Hello,
I am trying to train the GPT-2 model on sagemaker and have uploaded my training dataset to a private repo on Hugging Face.
Here is my code below
#Authentication to hugging face hub here
from huggingface_hub import notebook_login
notebook_login()
hyperparameters = {
'model_name_or_path':'gpt2',
'output_dir':'/opt/ml/model',
'dataset_name' : 'E1l1dh/frl_training_dataset',
'do_train': True,
'do_eval': True,
'per_device_eval_batch_size':2,
'per_device_train_batch_size':2,
'gradient_accumulation_steps':8,
}
# configuration for running training on smdistributed Model Parallel
mpi_options = {
"enabled" : True,
"processes_per_host" : 4,
}
smp_options = {
"enabled":True,
"parameters": {
"microbatches": 2,
"placement_strategy": "spread",
"pipeline": "interleaved",
"optimize": "speed",
"partitions": 2,
"ddp": True,
# "block_size" = 256,
}
}
distribution={
"smdistributed": {"modelparallel": smp_options},
"mpi": mpi_options
}
# git configuration to download our fine-tuning script
git_config = {'repo': 'https://github.com/huggingface/transformers.git','branch': 'v4.17.0'}
# creates Hugging Face estimator
huggingface_estimator = HuggingFace(
entry_point='run_clm.py',
source_dir='./examples/pytorch/language-modeling',
instance_type='ml.p3.8xlarge',
git_config = git_config,
instance_count=1,
role=role,
transformers_version='4.17.0',
pytorch_version='1.10.2',
py_version='py38',
hyperparameters = hyperparameters,
# metric_definitions = metric_definitions,
output_path = output_bucket,
base_job_name = 'GPT2-v1',
distribution = distribution
)
# starting the train job
huggingface_estimator.fit(inputs={'training':training_input_path,
'test':test_input_path})
And here is the error message I receive:
[1,mpirank:3,algo-1]<stderr>: raise RepositoryNotFoundError(message, response) from e
[1,mpirank:3,algo-1]<stderr>:huggingface_hub.utils._errors.RepositoryNotFoundError: 401 Client Error. (Request ID: Root=1-63eb9c53-27586b8b2270acf375b087b8)
[1,mpirank:3,algo-1]<stderr>:
[1,mpirank:3,algo-1]<stderr>:Repository Not Found for url: https://huggingface.co/api/datasets/E1l1dh/frl_training_dataset.

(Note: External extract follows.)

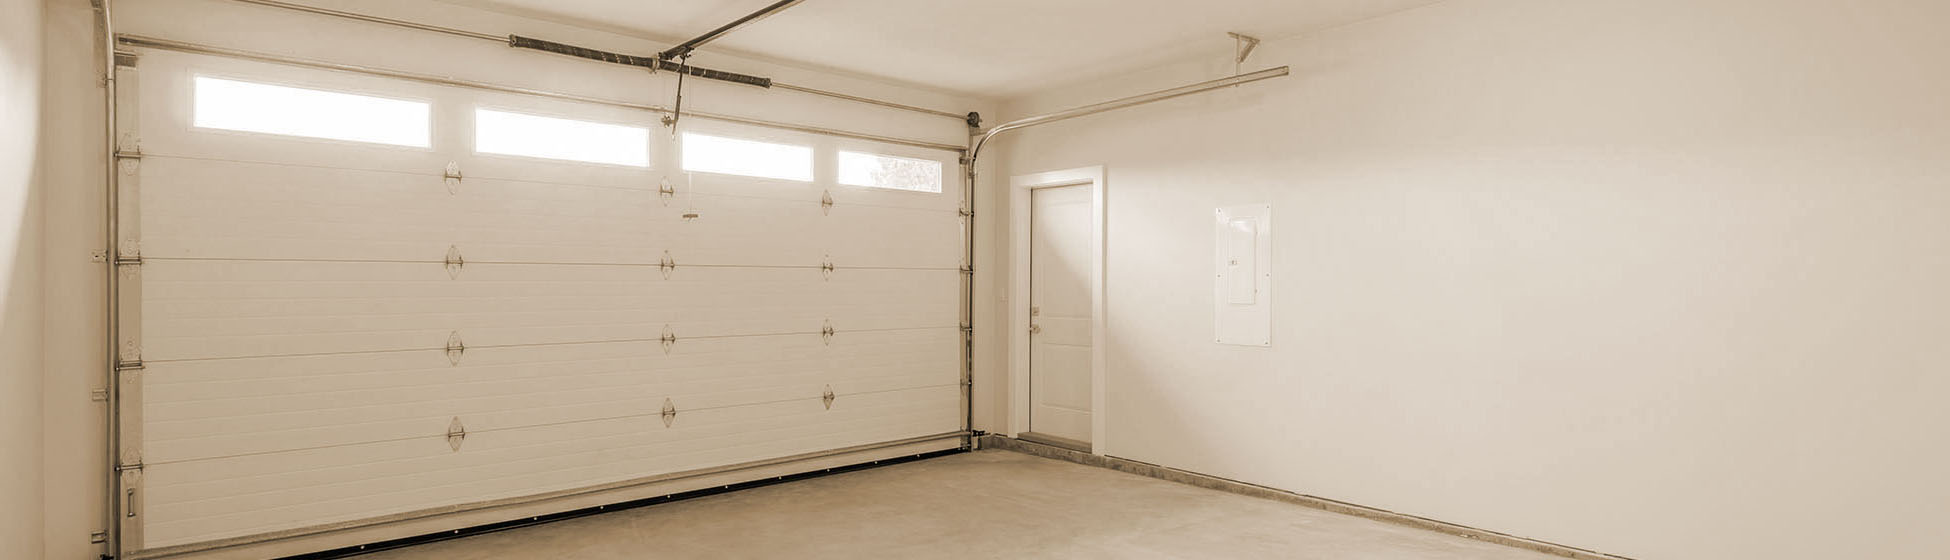 Reparation porte garage

[1,mpirank:3,algo-1]<stderr>:Please make sure you specified the correct `repo_id` and `repo_type`.
[1,mpirank:3,algo-1]<stderr>:If the repo is private, make sure you are authenticated.
[1,mpirank:3,algo-1]<stderr>:Invalid username or password.
------------------------------------------------------------
I am a little confused where I should be specifying repo_id
and repo_type
when running a training job on Sagemaker, do I need to pass it through as a hyper parameter? or do I need to change the training script slightly? Any help would be appreciated, thanks!